Heathrow Airport said today that regional airline Flybe has soared to the top of its rankings of the cleanest and quietest airlines, after making some drastic improvements.
By contrast, Kuwait Airways continues to trail other airlines, coming bottom of the list for the third quarter on the trot. That was followed by Turkish Airlines and El Al.
The airport announced last year that it would publish an updated league table every quarter to assess its airlines on their noise and emissions performance, to provide regular feedback and help work out particular areas that needed improvement.

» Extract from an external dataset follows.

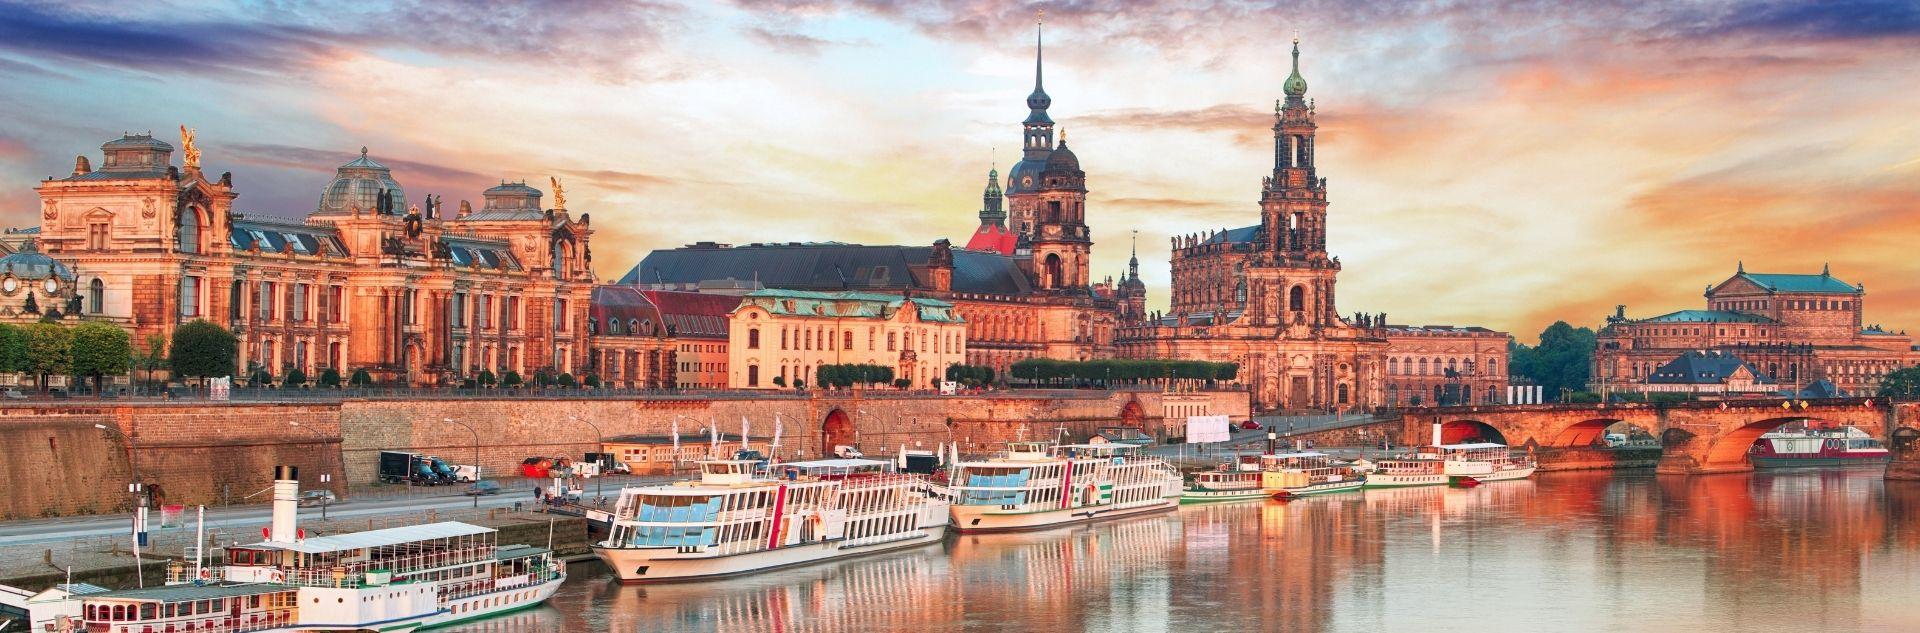 Geschäftreise planen - Dresden Skyline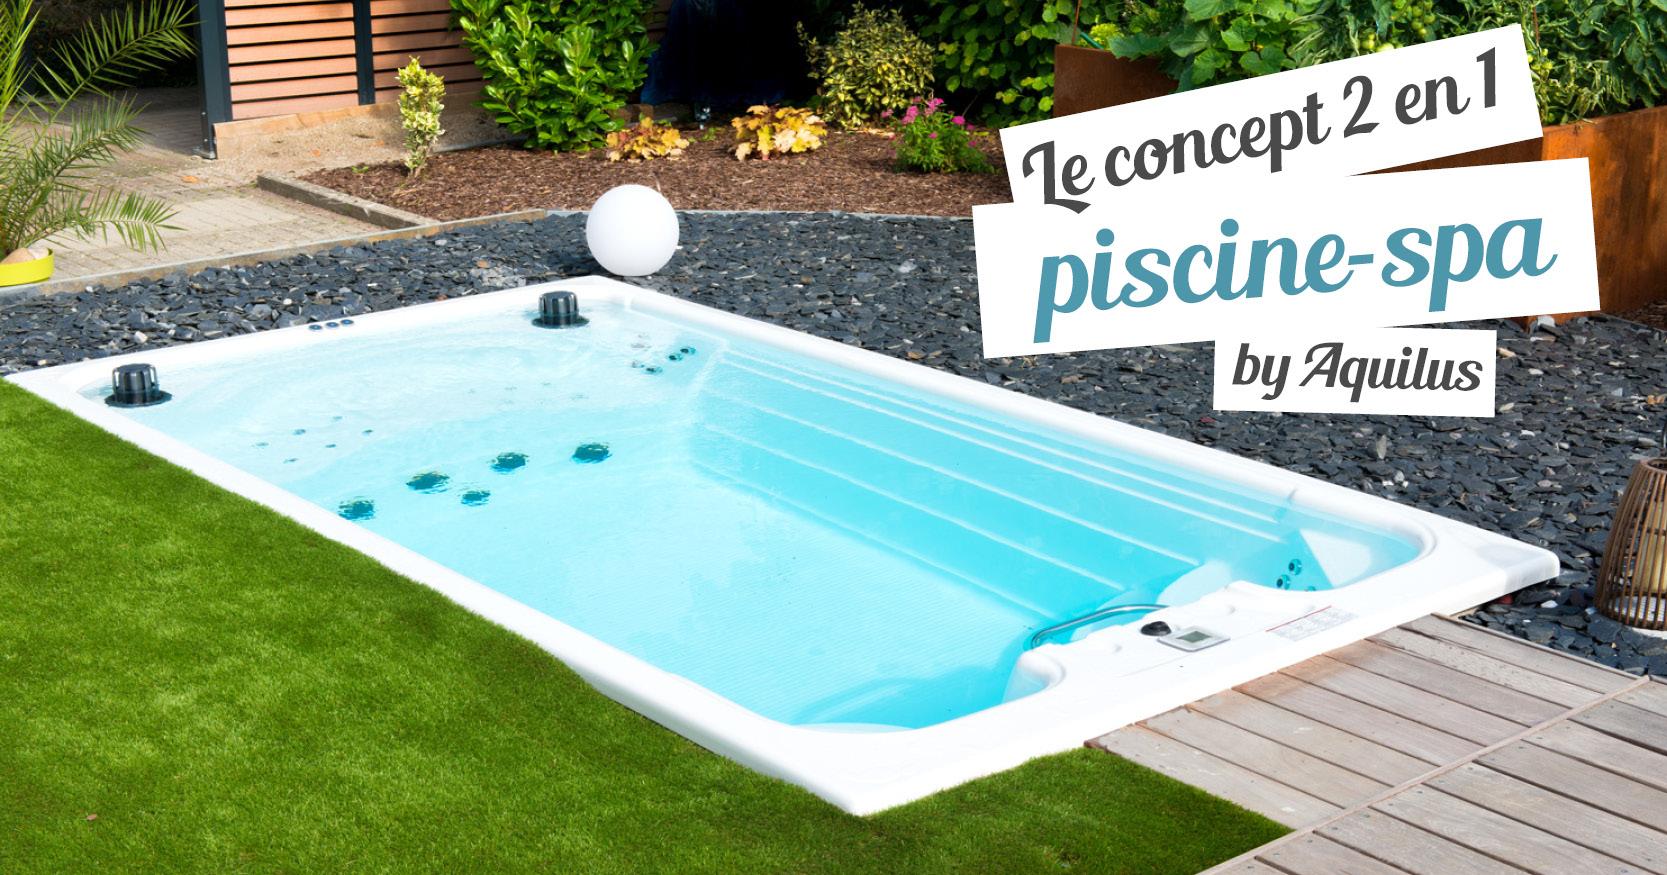 La M'water, Le Concept 2 En 1 By Aquilus ! - Aquilus Neuchâtel à Piscine Aquilus

|10 cleanest and quietest airlines||10 noisiest and dirtiest airlines|
2. Aer Lingus
3. British Airways - short haul
5. Scandinavian Airlines System
6. Etihad Airways
7. Delta Air Lines
8. United Airlines
9. Air India
10. Qantas Airways
1. Kuwait Airways
2. Turkish Airlines - short haul
3. Turkish Airlines - long haul
4. El Al
5. Austrian Airlines
7. Air China
8. Saudi Arabian Airlines
9. Middle East Airlines - short haul
10. Thai Airways
The latest league table ranks the 50 busiest airlines at Heathrow on seven noise and emission metrics, spanning October to December 2017.
Flybe, which kicked off flights from the London airport to Edinburgh and Aberdeen last March, initially ranked 29th in the league in mid-2017, but has moved up after increasing its use of continuous descent approaches into Heathrow.
That procedure helps cut noise as it requires less engine thrust and keeps the aircraft higher for longer, according to Heathrow.
Flybe's chief operating officer Luke Farajallah, said: "We are naturally delighted to have topped the rankings at Heathrow as the best operator in noise and emissions performance, especially so early on in our operations there."
Flybe acknowledges and takes seriously its environmental responsibilities. It is central to what we do, informing our choice of using Q400 turboprops on the right routes and being one of the world’s most technologically advanced aircraft, to making constant improvements in our operational processes.
Aer Lingus continues to stay among the top-ranked airlines, coming in second for the quarter, after placing third last time round. Meanwhile, Cathay Pacific has moved up 11 places this quarter, while Oman Air has climbed 15 places.
Heathrow's chief executive John Holland-Kaye, said Heathrow's airlines had made "great progress" to help the airport "be a better neighbour".
He added: "Last year we announced our intention of halving the number of late running flights over five years – I hope that the 30 per cent reduction in the first year alone will give confidence that we say what we will do and we do what we say."